The police action is reviving an investigation that had previously looked like it was winding down, said Ricardo Ribeiro, a political analyst at Sao Paulo-based consulting firm MCM Consultores. “The arrests generate the expectation that more political implications may arise after Odebrecht’s involvement,” Ribeiro said.

 The latest arrests took longer because the accused were “more sophisticated” by moving cash through offshore accounts, federal police official Igor de Paula said in a press conference in Curitiba.

Damning E-mail

 Police now have concrete evidence that the presidents of both companies were aware of bid rigging, bribery payments and forming of a cartel, de Paula said. The investigation has reached as far as accounts in Switzerland, Panama and Monaco.

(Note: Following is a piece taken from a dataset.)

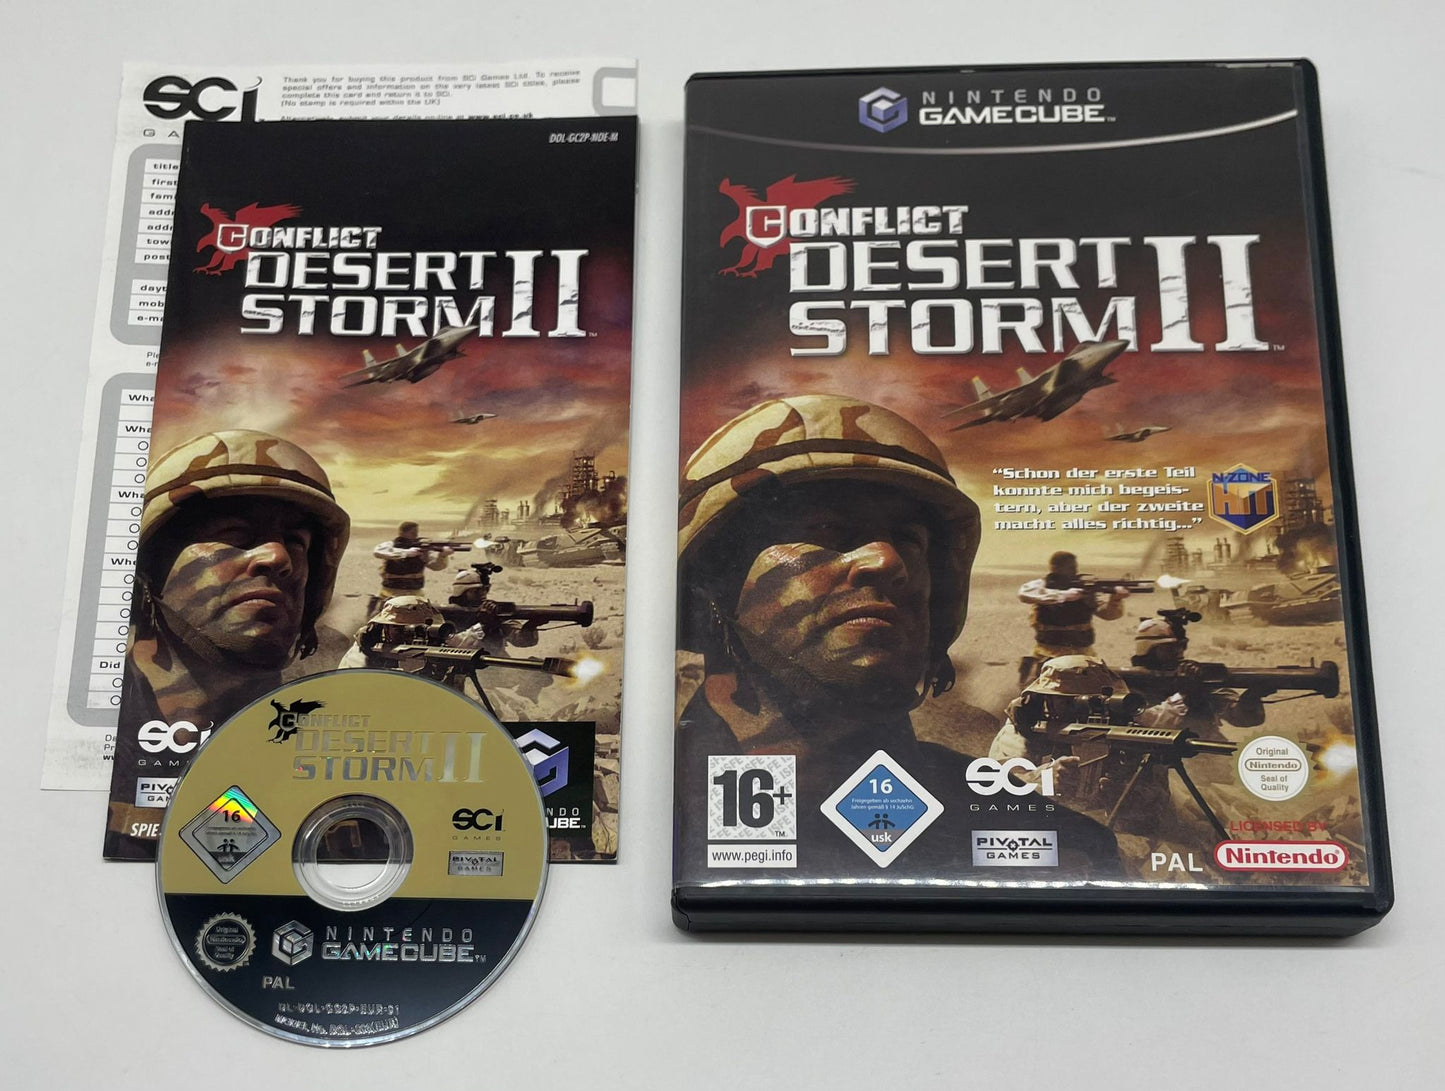 Conflict: Desert Storm II OVP

While there was no documentation of bribe payments at Odebrecht and Andrade Gutierrez, there has since been an “accumulation of evidence” that changed the case, Moro said in a search and seizure order released today.

“There is not only oral evidence of rigging of bids among contractors, with the participation of Odebrecht and Andrade Gutierrez, but also documented evidence consistent with it.”

 Moro, in his arrest order, said that the the bribery scheme couldn’t have existed without the knowledge of Marcelo Odebrecht and Otavio Azevedo, given that it had gone on for at least a decade and involved hundreds of millions in bribes paid in billions worth of contracts.

Moro also cited an e-mail sent to Marcelo Odebrecht about overpricing of contracts, and a phone call between Azevedo and alleged bribe broker Fernando Soares.

 Boat Sale

Soares has denied any wrongdoing. A spokeswoman for Andrade Gutierrez said that the only business that Azevedo has had with Soares was when he sold him his boat, a transaction that was reported to the appropriate authorities.

Moro listed former Petrobras refining head Paulo Roberto Costa, former Petrobras manager Pedro Barusco and former Camargo Correa CEO Dalton Avancini among executives who confirmed the cartel and bribe payments.

Investigators estimate that Andrade Gutierrez paid more than 200 million reais in bribes, while Odebrecht paid 510 million reais. Moro said the cartel scheme, in which members systematically paid bribes between 1 and 3 percent to Petrobras agents, was also used to corrupt politicians and political parties.

Industrial Conglomerate

Odebrecht, an industrial conglomerate with 108 billion reais in revenue last year, owns Latin America’s biggest construction company and shares control with Petrobras of the region’s largest petrochemicals maker. It is controlled by the billionaire Odebrecht family, headed by CEO Marcelo, who is the grandson of late founder Norberto Odebrecht.

The billionaire Andrade and Gutierrez families share control of the Andrade Gutierrez conglomerate. It has interests in construction, energy, telecommunications, logistics, real estate and infrastructure. The executives arrested will be taken to Curitiba, capital of the state of Parana, Federal Police officials said at a televised press conference.